Michael O'Callaghan, Executive V.P. and C.O.O. at the Detroit Metro Convention & Visitors Bureau, has been spearheading tourism research, and he comes to the conclusion that hotels are, in fact, a major factor in revitalization. “The number of visitors has increased every year since the economic downturn in 2008, and thanks in part to our improving image, we expect those numbers will increase,” O’Callaghan says. “As proof, in 2008 hotel occupancy in the region was 48 percent. The hotel occupancy in 2018 was 69 percent.”

Michael Stone-Richards, professor of critical theory and visual studies at the College of Creative Studies, asks, “Why would we expect a city not to change?” In one of his energetic classes, Stone-Richards covers an introduction to social practice in the city and a cultural history of Detroit through the lens of people of color. He mentions that talk of gentrification—the term most critics of Detroit’s post-bankruptcy boom use to describe the changing landscape—is not productive and more a remark of the resentment of feeling powerless.
According to Stone-Richards, gentrification is the result of a competition for space resulting from the globalization of capital that is linked to forces that are shaping every city in the world, and in that way, gentrification is linked to globalization. “It’s not because everyone says, ‘Oh, let’s move to Midtown.’ It’s because capital from around the world is coming in. In order to confront gentrification, you would have to confront global capitalism. Why I feel confident in speaking like that is because the problem isn’t gentrification. It’s poverty. What we should be talking about is social justice.”

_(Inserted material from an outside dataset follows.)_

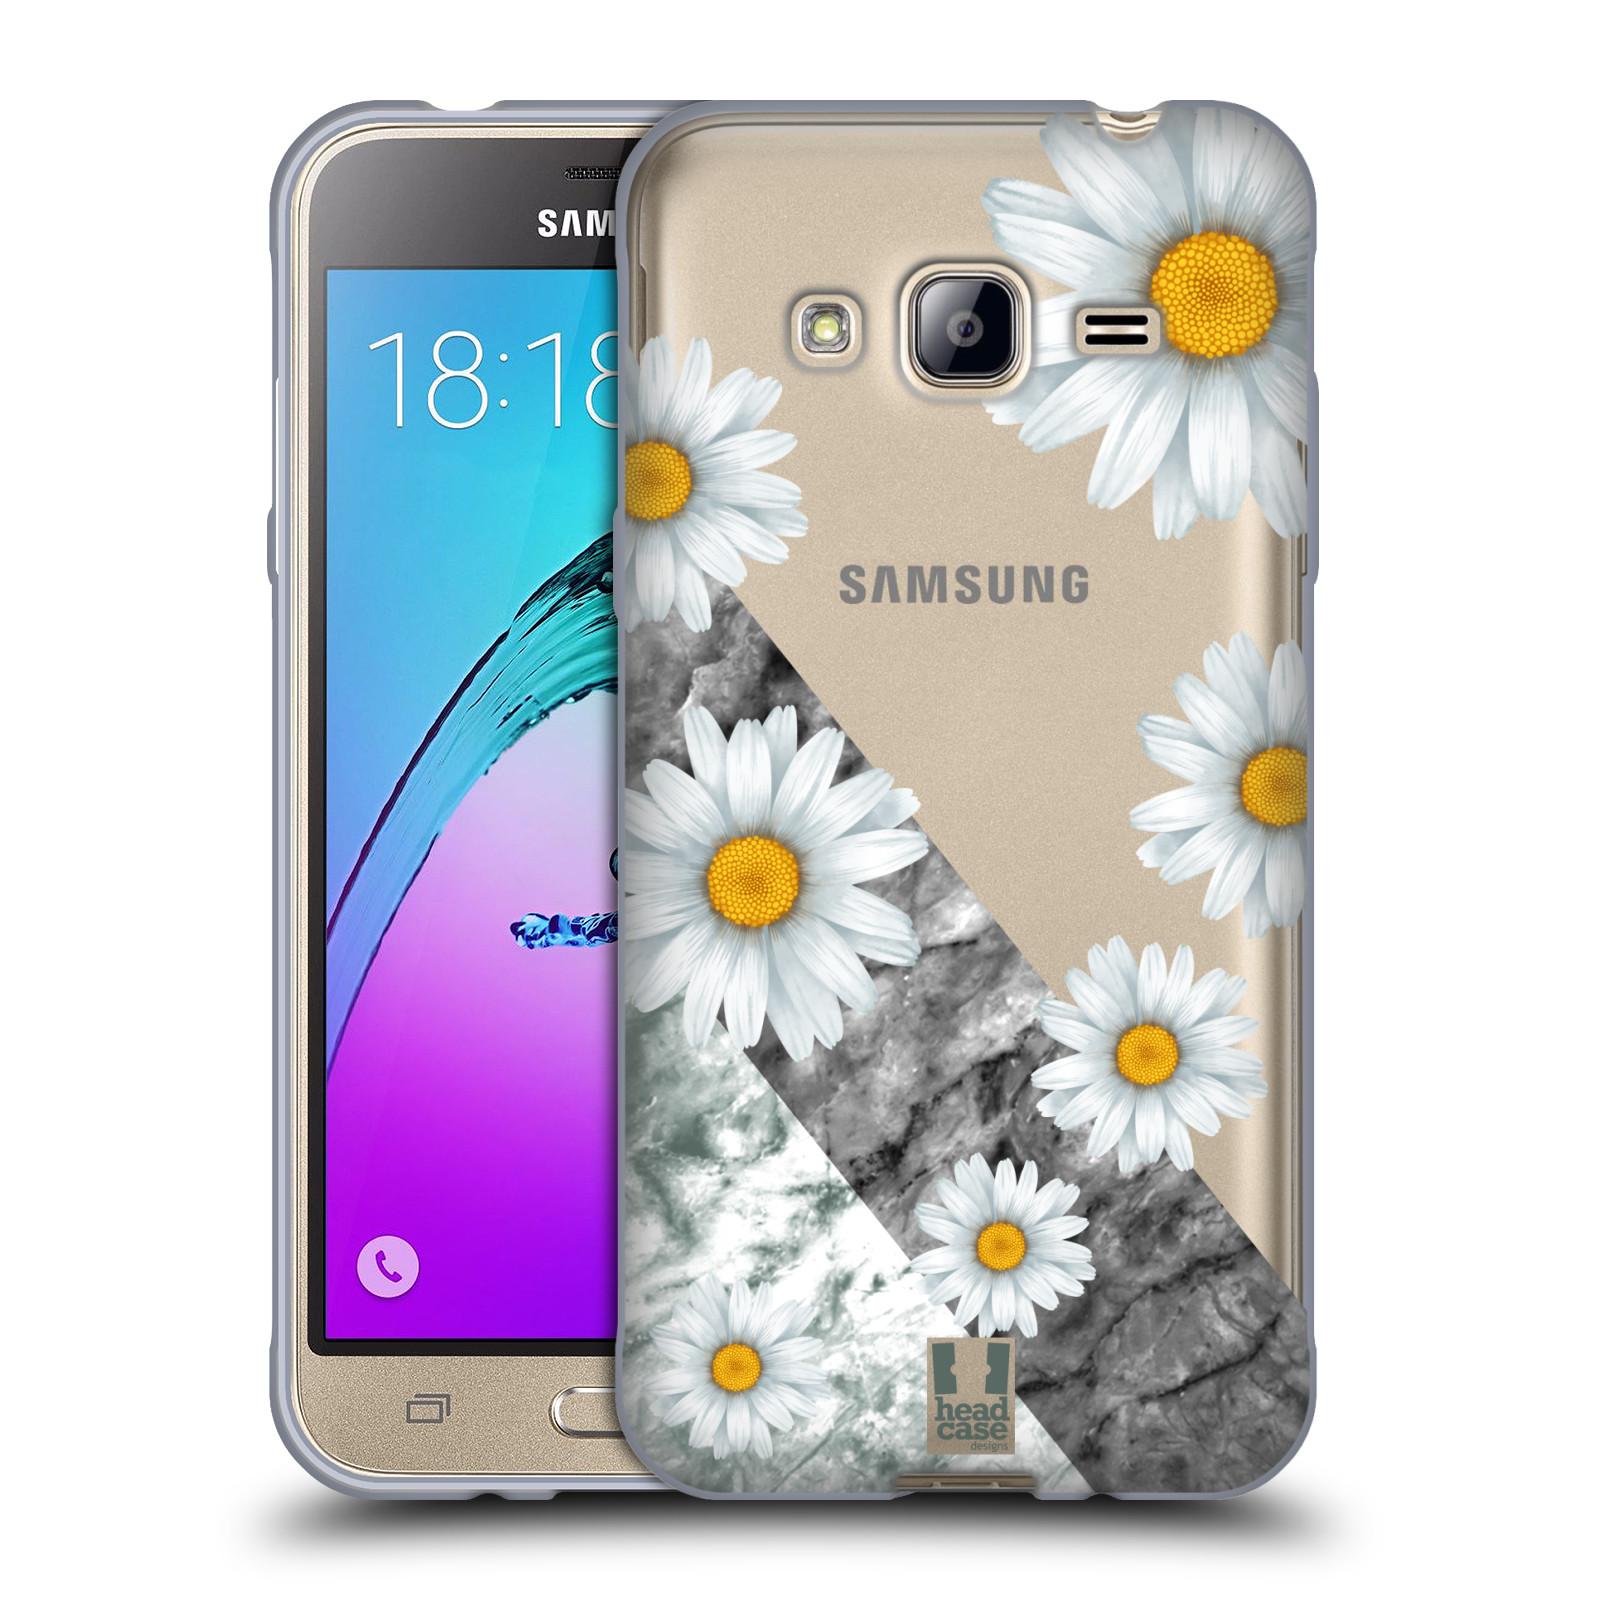 Silikonové pouzdro na mobil Samsung Galaxy J3 (2016) - Head Case - Kopretiny a mramor
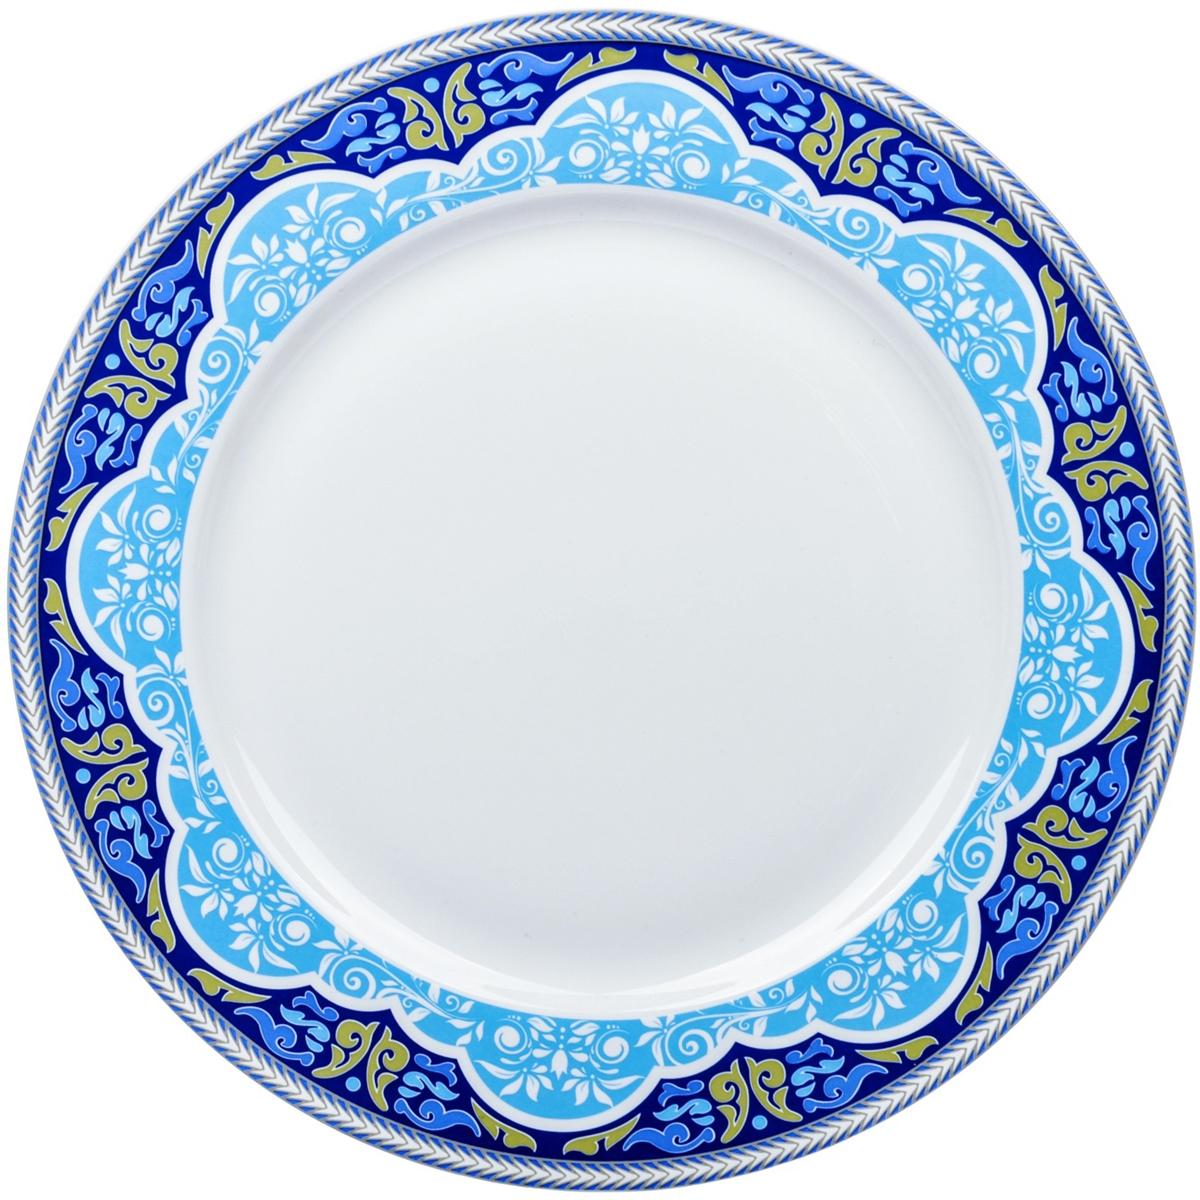 Тарелка обеденная Dasen Лазурный орнамент, диаметр 23 смDNNB0002-2Тарелка Dasen Лазурный орнамент изготовлена из высококачественного фаянса. Предназначена для красивой подачи различных блюд. Изделие декорировано изящным рисунком.Такая тарелка украсит сервировку стола и подчеркнет прекрасный вкус хозяйки. Она дополнит коллекцию вашей кухонной посуды и будет служить долгие годы. Можно мыть в посудомоечной машине и использовать в СВЧ.

“When people talk about Detroit losing its cultural identity, what they really mean is, What will become of black Detroit? Detroit is changing, and the representation of the city is changing—like the Paris of Baudelaire when he wrote that ‘the form of a city changes more quickly, alas, than the heart of a mortal.’ Whatever we think the city once stood for—all of that is in transition,” Stone-Richards says. “Once a upon time, Detroit was the Arsenal of Democracy. It was Motown. It was Fordist Industrialism. It was the city of unions and the place where someone without high school degree could earn a middle-class wage. All of that Detroit is gone. And it’s not coming back.”

But his outlook is optimistic. “Detroiters were bored with the word 'renaissance'. I learned to ignore it. But after a certain point, people both within and beyond Detroit were astonished at the changes and transformations of the city." She observes, "People come to Detroit to participate and see if it’s true. They come to celebrate. I would like to emphasize that. You don’t go to Paris to be miserable. You go to celebrate being in Paris. Detroit is being celebrated for its survival and its renewal.”